Aterovax’s SPLA2 Activity Test Significantly Improves Prediction Of Cardiovascular Events In Large Prospective Study
Written on November 15, 2024 - 3:49 pm | by admin
Aterovax SA, a company developing innovative products for atherosclerosis, today announced data demonstrating that its blood test for secretory phospholipase A2 (sPLA2) activity significantly improves cardiovascular risk prediction in patients with stable coronary artery disease (CAD) over a 5 year period, independent of established risk markers, including C-reactive protein. sPLA2 is in a family of pro-inflammatory enzymes linked to the formation and destabilization of atherosclerotic plaques. Aterovax’s sPLA2 activity test was used in 3778 patients in the PEACE (Prevention of Events with Angiotensin Converting Enzyme Inhibition) trial and the results were presented at the American Heart Association’s annual scientific sessions.
“There is growing evidence that testing for sPLA2 activity may provide an additional layer of information that goes above and beyond traditional cardiovascular risk factors and biomarkers,” noted lead investigator in the study, Michelle O’Donoghue of the TIMI Study Group, Cardiovascular Division, Brigham and Women’s Hospital in Boston.

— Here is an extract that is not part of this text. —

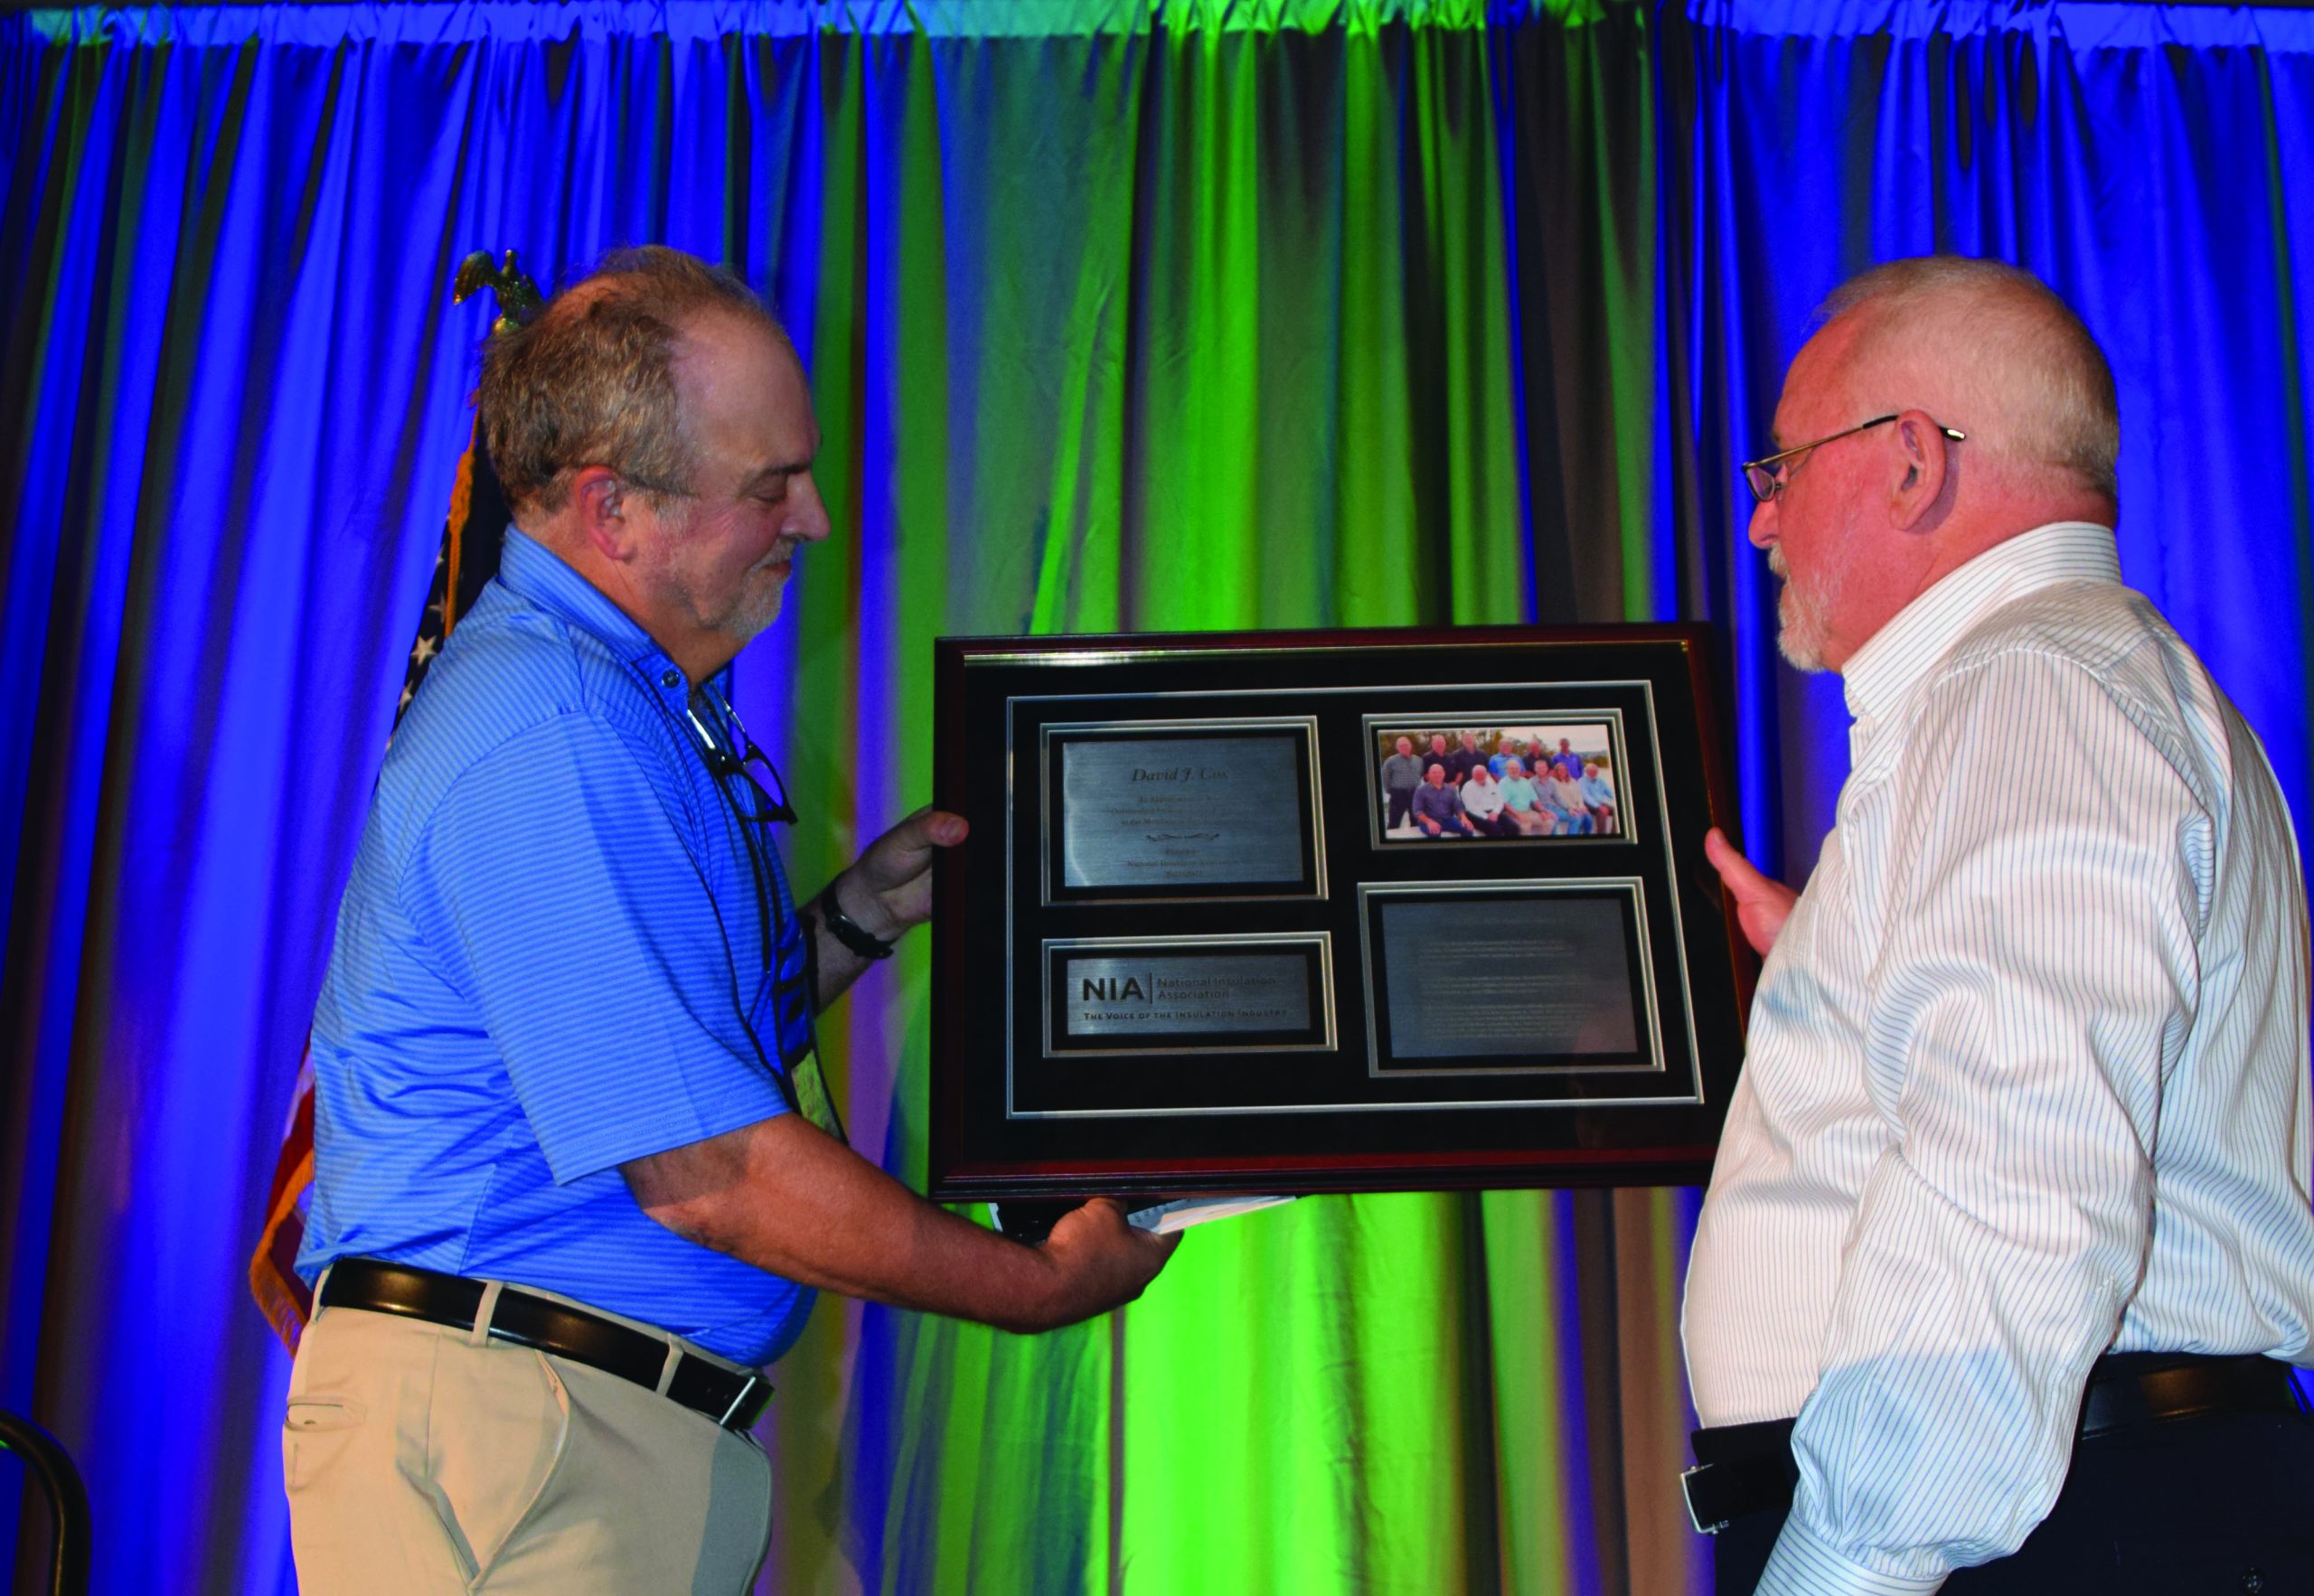 Outgoing NIA President receives an industry award presented by incoming President Joe Leo

“This study continues to support the role of sPLA2 activity as a prognostic tool for assessing cardiovascular risk,” Dominique Surun, CEO of Aterovax explained. “We believe our test for sPLA2 activity, once approved, could provide highly relevant information to help identify individuals who are at increased risk of cardiovascular events.”
Study Details
The PEACE trial is a randomized, multi-center study of trandolapril vs placebo in 8,290 patients with stable coronary artery disease (CAD). sPLA2 activity levels identified individuals at increased risk of cardiovascular death (CVD) and the combination of CVD, myocardial infarction (MI) or stroke during 5 years of follow-up. After adjusting for baseline differences, individuals with the highest levels of sPLA2 activity had a 78% higher risk of CVD and a 56% higher risk of CVD, MI or stroke than patients with the lowest levels of sPLA2 activity. In addition, sPLA2 activity was a stronger marker for risk prediction than other established biomarkers, including C-reactive protein and lipoprotein-associated phospholipase A2.
About Atherosclerosis and sPLA2
Although clinical complications of atherosclerosis can arise from narrowing of the arteries, the most severe clinical events follow the rupture of a plaque. Inflammation, which is implicated in the formation of early fatty streaks as well as at the onset of adverse cardiovascular events, causes cells within the plaque to secrete enzymes that degrade and weaken the fibrous cap, leading to rupture of unstable plaques and thrombus (clot) formation. Ruptured plaques are the cause of acute coronary events and sudden cardiac death. However, thrombotic complications that arise from rupture or fissure (small rupture) of a vulnerable plaque may be clinically silent, yet contribute significantly to plaque progression and ultimately stenosis. It is therefore important to identify patients in whom disruption of a vulnerable plaque is likely to result in a clinical event.
The phospholipases A2 (PLA2) superfamily of enzymes plays a key role in the inflammatory process by generating chemical intermediates. By detecting the activity of secretory PLA2 (sPLA2), the risk of experiencing a cardiovascular event can be determined. Recently, nine large independent international clinical studies, both in clinical and non-clinical populations, demonstrated the strong positive correlation existing between sPLA2 activity and atherosclerotic cardiovascular disease.